Los argentinos Mariano Cohn y Gastón Duprat (El hombre de al lado) sorprendieron en el pasado Festival de Venecia con la notable tragicomedia El ciudadano ilustre, otro de sus relatos kafkianos, ubicado esta vez en el mundo literario. Un convincente Óscar Martínez da vida al escritor protagonista, Daniel Mantovani: un argentino que cuarenta años atrás emigró a Europa para intentar cumplir su sueño de ser novelista. Tras ser galardonado con el Premio Nobel de Literatura, Mantovani vive instalado en una suerte de Torre de Marfil barcelonesa –que no podía ser otra que la misma casa donde residió Diego Maradona– donde decide poner fin a su carrera literaria. Sin embargo, su vida da un giro inesperado cuando el alcalde de su pueblo natal, Salas, le invita a recibir las llaves de la ciudad y la condecoración de “Ciudadano Ilustre” por haber dado a conocer Salas a través de sus novelas.

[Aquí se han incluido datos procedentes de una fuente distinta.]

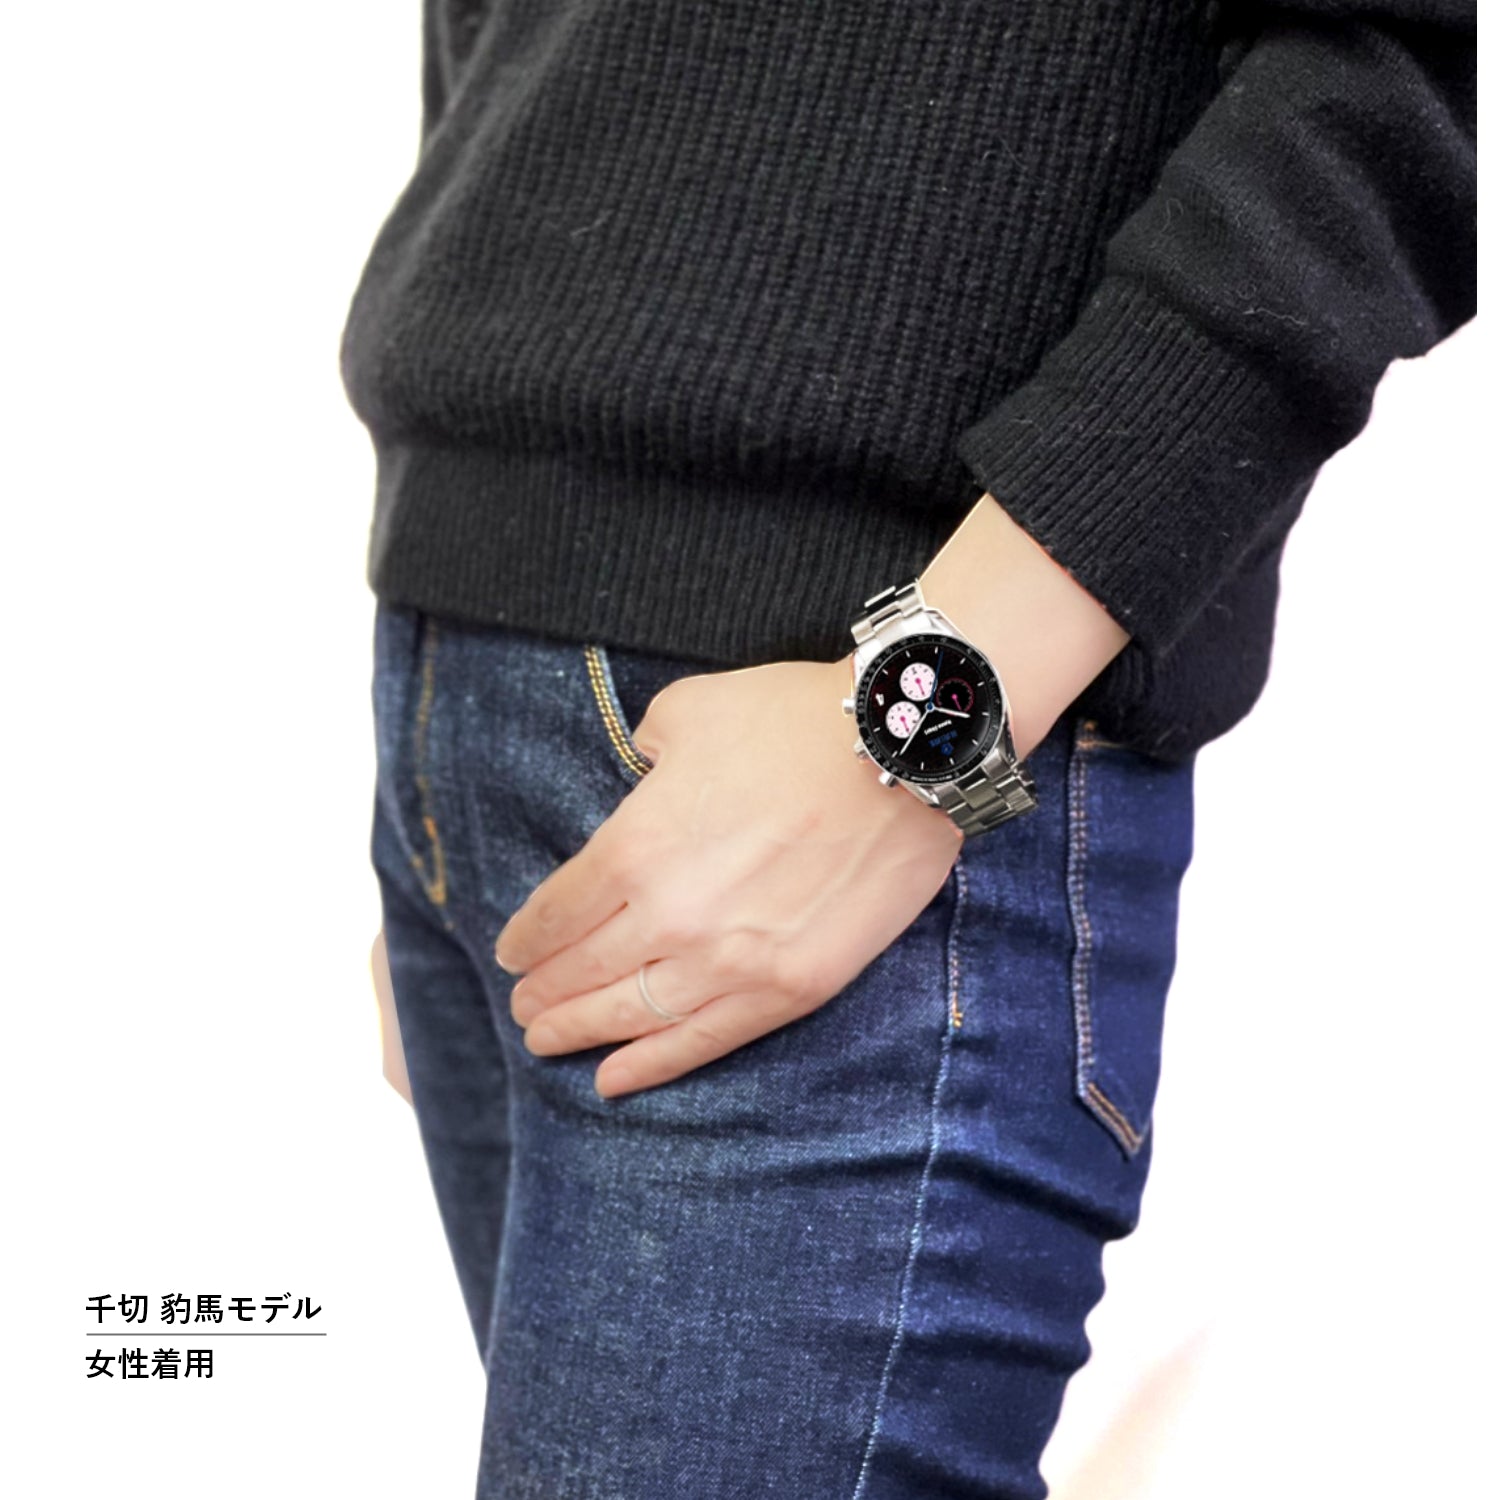 テレビアニメ「ブルーロック」オフィシャルクロノグラフ腕時計 糸師 凛 - 公式通販サイト「アニメコレクション/Anime Collection」

Según confiesa Mantovani en dos ocasiones, los personajes de sus libros nunca pudieron abandonar el pueblo, mientras que él nunca fue capaz de regresar. De este modo, los fantasmas de su pasado y otros infortunios del presente transforman su estancia en Salas en un auténtico infierno. Una pesadilla que Cohn y Duprat se encargan de representar mediante gags inagotables. No obstante, El ciudadano ilustre no es una simple comedia sobre un escritor vanidoso castigado por un gentío iletrado. El film esconde un interesante mensaje que denuncia la institucionalización del arte. En todos los discursos –y, especialmente, en el de su fascinante desenlace– el escritor defiende su visión romántica del arte por el arte, en favor de su expresión sin censuras y sin intromisiones políticas y burocráticas.